With this intuitive grasp of the emotional import of physical life and remnants, it’s no wonder that Seiler shines in Studio. I ask how her past, and her process, connect to her teaching style:
“I think the two forms connect with teaching in the sense that I see the creative mind as a Pandora’s Box that does not have a single story. I think that there’s so much potential that lies within each student. They come in with elements that they know that they’re strong at, but they wound up discovering parts of themselves they had no idea that they’re quite strong at. And it creates so many paths for them forward in life that may unravel right after they graduate, or that may unravel twenty years after they graduate. That continues to build throughout their entire life. And I love the fact that as a creative person, you really do have the ability to be a student for life and someone who is constantly learning. There never has to be a sense that you are stuck or that you become obsolete. You can continue to flow throughout.”

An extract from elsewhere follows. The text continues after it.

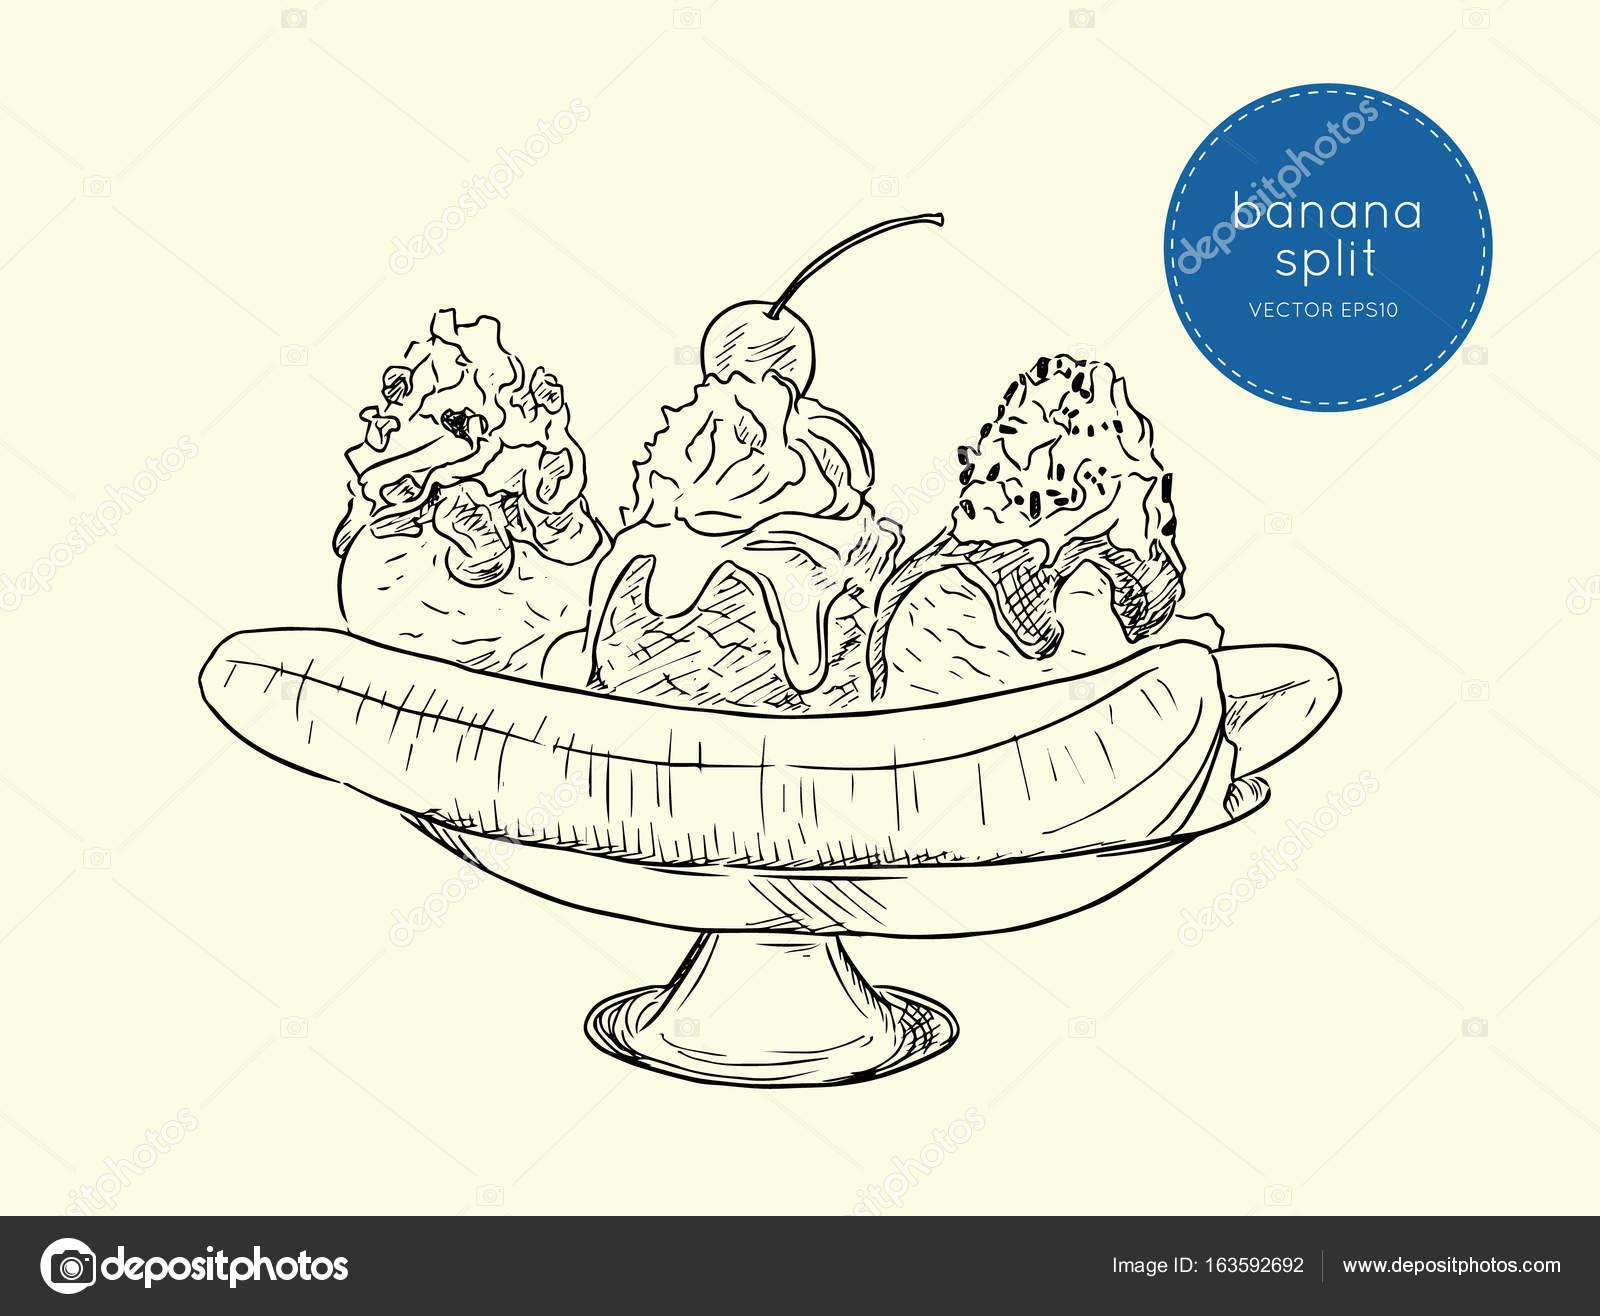 Leckere süße Bananen split Eis Dessert, Skizze Vektor — Stockvektor ...
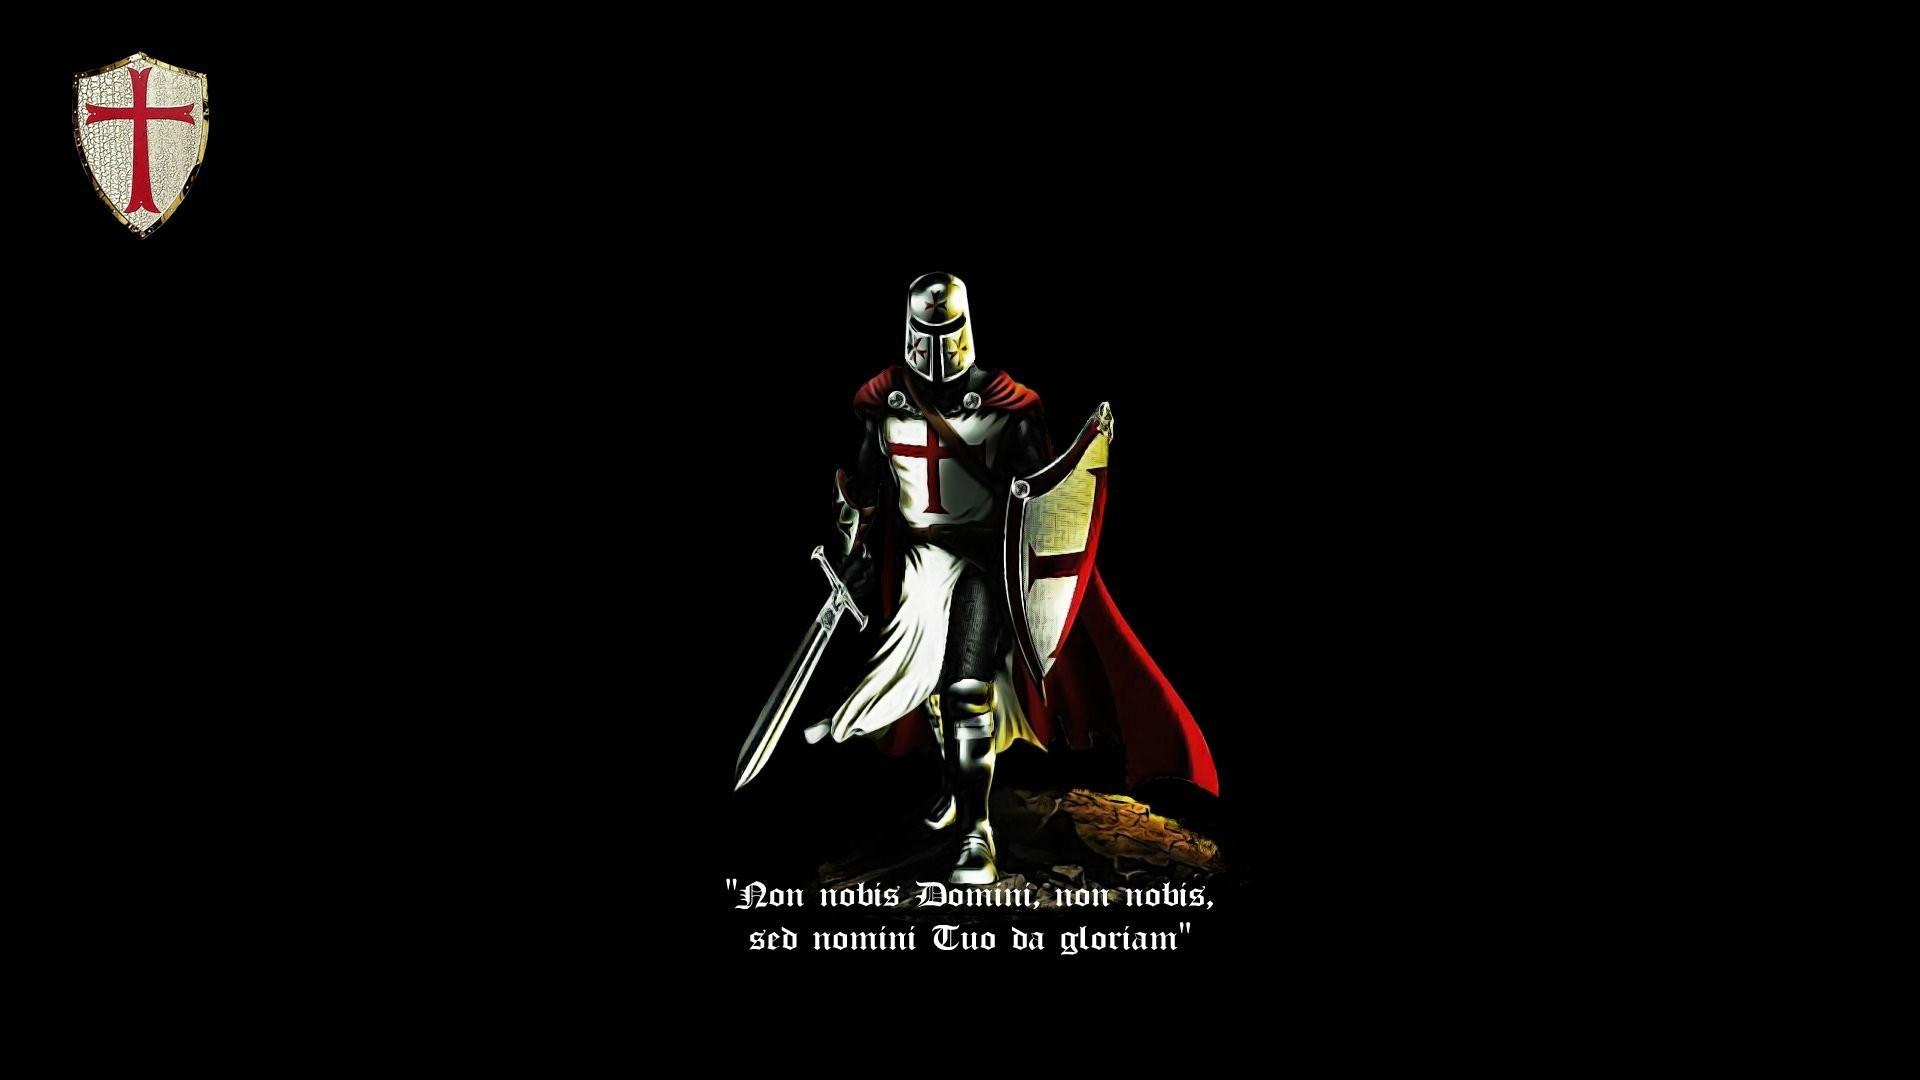 Res: 1920x1080, Knights-Templar-Wallpaper-PIC-WPHR16660

And it is clear that the students themselves are a source of regeneration. (I concur; each class’s responses to texts I have taught for a decade are surprising, revealing and make me rethink my own assumptions.)
“I love seeing inspiration, unique inspiration, in each student that I work with, what their voice is, what their path is. And it feels like such an honor, as someone who’s been working in design for almost 30 years, to so easily be able to say, ‘you should look at this. You should check out this. This could be something that you’re interested in.’ To help them on that path and to make those connections.”
Seiler sees herself as part of a chain of generosity, given just the right context.
“I feel so grateful to my teachers. They were conduits to my becoming the person that I became. And if I can pass that torch, it’s such an honor to me. I just want to see every person thrive, because I feel that creativity, in a world that is very dark right now, is one of the positive things that we have to look forward to. It’s about finding connections in humanity, solving problems, and building a world that could be. One that we all desire to once again live in.”